In den letzten Jahren hat die interdisziplinäre Rechtsforschung dadurch Aufmerksamkeit erlangt, dass sie rechtsdogmatische Selbstverständlichkeiten in Frage gestellt und die – insbesondere in Deutschland dominante – Tradition der Rechtssoziologie mit internationalen Ansätzen der Law and Society-Forschung verknüpft hat, in der sozialwissenschaftliche, kulturanthropologische und historische Ansätze miteinander verbunden werden. In diesem Feld bildet die feministische Rechtsforschung, die sich auch auf die Legal Gender Studies sowie die Queer Legal Theory bezieht, einen zentralen Strang: Sie arbeitet mit genuin interdisziplinären Elementen und liefert grundsätzliche Aufschlüsse über die ambivalente Konstitution moderner Rechtssysteme und deren Praxen. Das geplante Heft zielt darauf, diese Schnittstelle – das Zusammentreffen von feministischer und empirischer Rechtsforschung – stark zu machen.
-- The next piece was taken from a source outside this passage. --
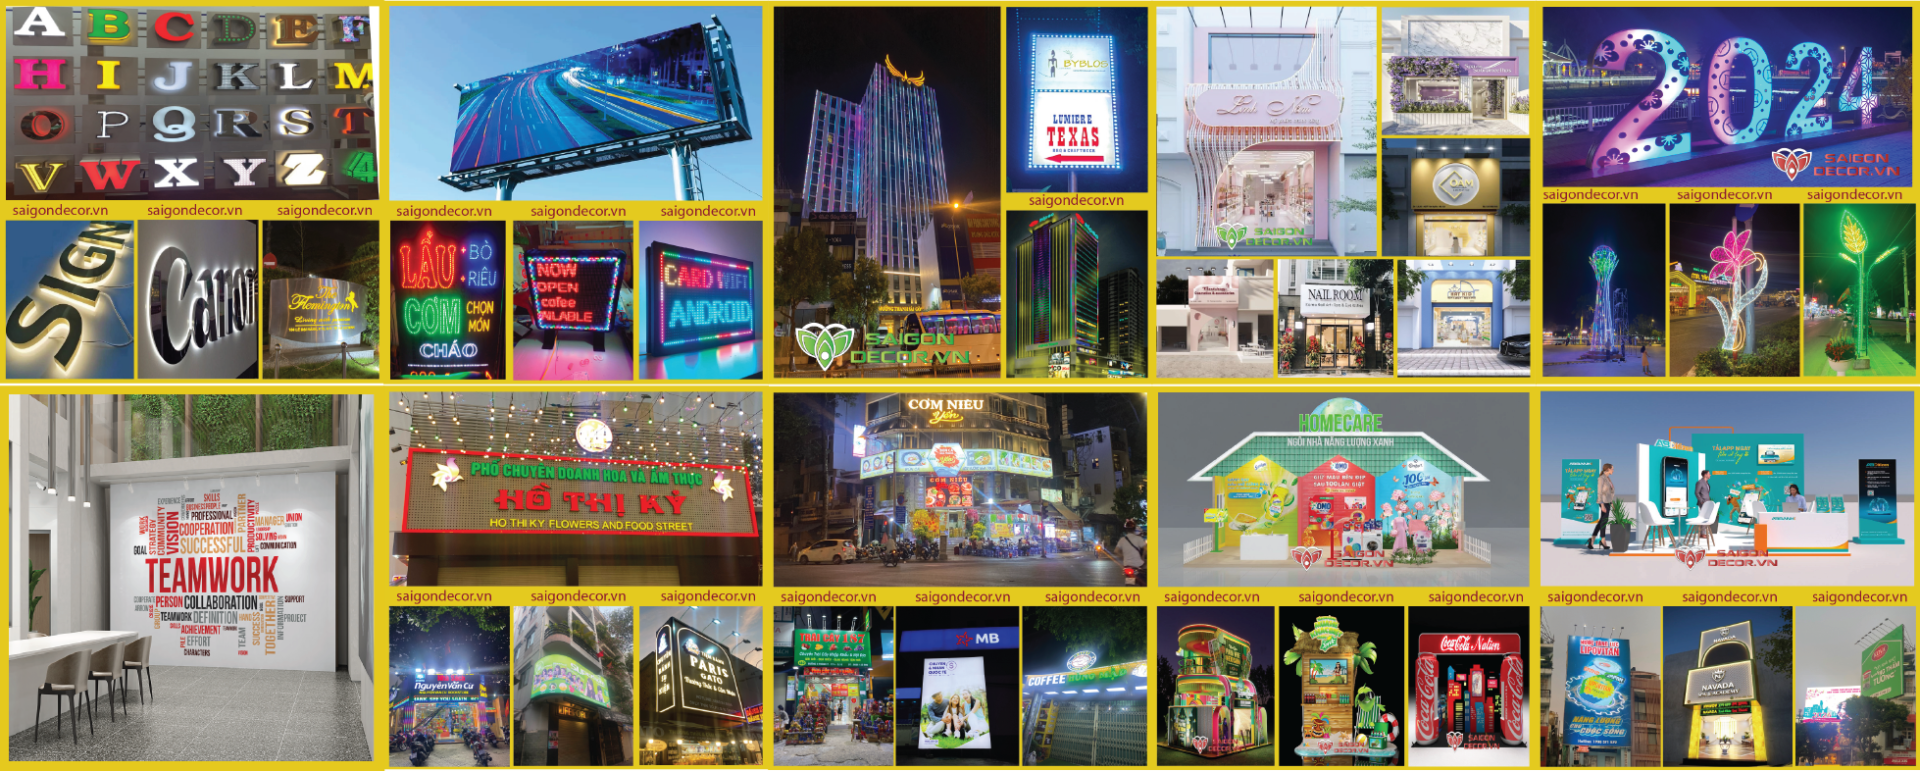 Saigon Decor thi công trang trí quảng cáo, tổ chức sự kiện, trang trí nội thất. Liên hệ: 0967253787

Gemeinsam mit ihren Anschlüssen an feministische Diskussionen und Politiken soll eine empirisch gesättigte und intersektional perspektivierte Rechtsforschung sichtbar gemacht und zur Diskussion gestellt werden. Recht wird dabei, über den engeren Bereich von Gesetzestexten hinaus, als Praxis und Diskurs sowie in seiner doppelten Dynamik als regulierende und ermöglichende Kraft verstanden, und gesellschaftliche Machtverhältnisse sollen als Gegenstand der interdisziplinären Rechtsforschung in den Blick gerückt werden.
Zentrale Fragen, zu denen wir uns Beiträge wünschen, sind:
* Welche Rolle spielen geltendes Recht, Rechtspraktiken und -diskurse in historischen wie gegenwärtigen gesellschaftlichen Konfliktkonstellationen und (vergeschlechtlichten) Aushandlungsprozessen? Welche Austauschprozesse und Wechselwirkungen, vollziehen sich in diesen Auseinandersetzungen, welche Widersprüche und Ambiguitäten werden sichtbar? Wo und wie treffen alltagsweltliche, institutionelle und rechtliche Praktiken und Diskurse aufeinander?
* Wir wird Recht durch Praxen mobilisiert, von wem und wie wird es angewendet, wie werden dabei rechtsbezogene Anrufungen in unterschiedlichen Prozessen, Modi und Funktionen wirkmächtig? Welche individuellen und kollektiven Akteure werden dabei aktiv? Welche Effekte hat dies in Hinblick auf Kollektivierungen und Solidarisierungen?
* Welche Effekte hat es, wenn Menschen sich – affirmativ, ablehnend oder instrumentell – auf Recht beziehen? Durch welche Praxen und Modi verfestigt Recht hierarchische, binäre Geschlechterordnungen, wo ergeben sich Brüche? Wie ist in diesem Zusammenhang der Begriff der Normativität zu verstehen? Wie funktioniert Rechts(durch)setzung als Normdiffusion oder wo scheitert dies?
Die Auseinandersetzung mit diesen Fragen soll gleichermaßen Aufschlüsse über die Funktionsweise von Recht wie über die Mechanismen und Effekte von Gender als Modus intersektional organisierter Vergeschlechtlichung für bzw. in Recht liefern. Aus dieser doppelten Perspektive auf das Verhältnis von Recht und Geschlecht sollen die Beiträge zur Diskussion darüber beitragen, wie Recht Politiken von Geschlecht und Sexualität prägt und was es bedeutet, wenn Recht zur Lösung gesellschaftlicher Konflikte eingesetzt wird.
Zur Einreichung von Beitragsvorschlägen für die Rubriken „Bilder und Zeichen“ und „Im Gespräch“ laden wir ebenfalls herzlich ein.
Einreichung und Zeitplanung
Wir bitten um Einreichung von Abstracts im Umfang von 300 bis maximal 500 Wörtern bis zum 17. Juli 2020 anmanuskripte@feministische-studien.de sowie an die Gastherausgeber*innen Beate Binder (beate.binder@hu-berlin.de) und Maja Apelt (maja.apelt@uni-potsdam.de).
Im Fall einer positiven Einschätzung durch die Herausgeber*innen erfolgt bis zum 14.August 2020 eine Einladung zur Beitragseinreichung. Der Abgabetermin des fertigen Beitrags im Umfang von max. 40.000 Zeichen ist der 1. Februar 2021. Alle eingereichten Beiträge durchlaufen ein anonymes Begutachtungsverfahren, auf dessen Basis Redaktion und Gastherausgeber*innen die Auswahl der Beiträge treffen.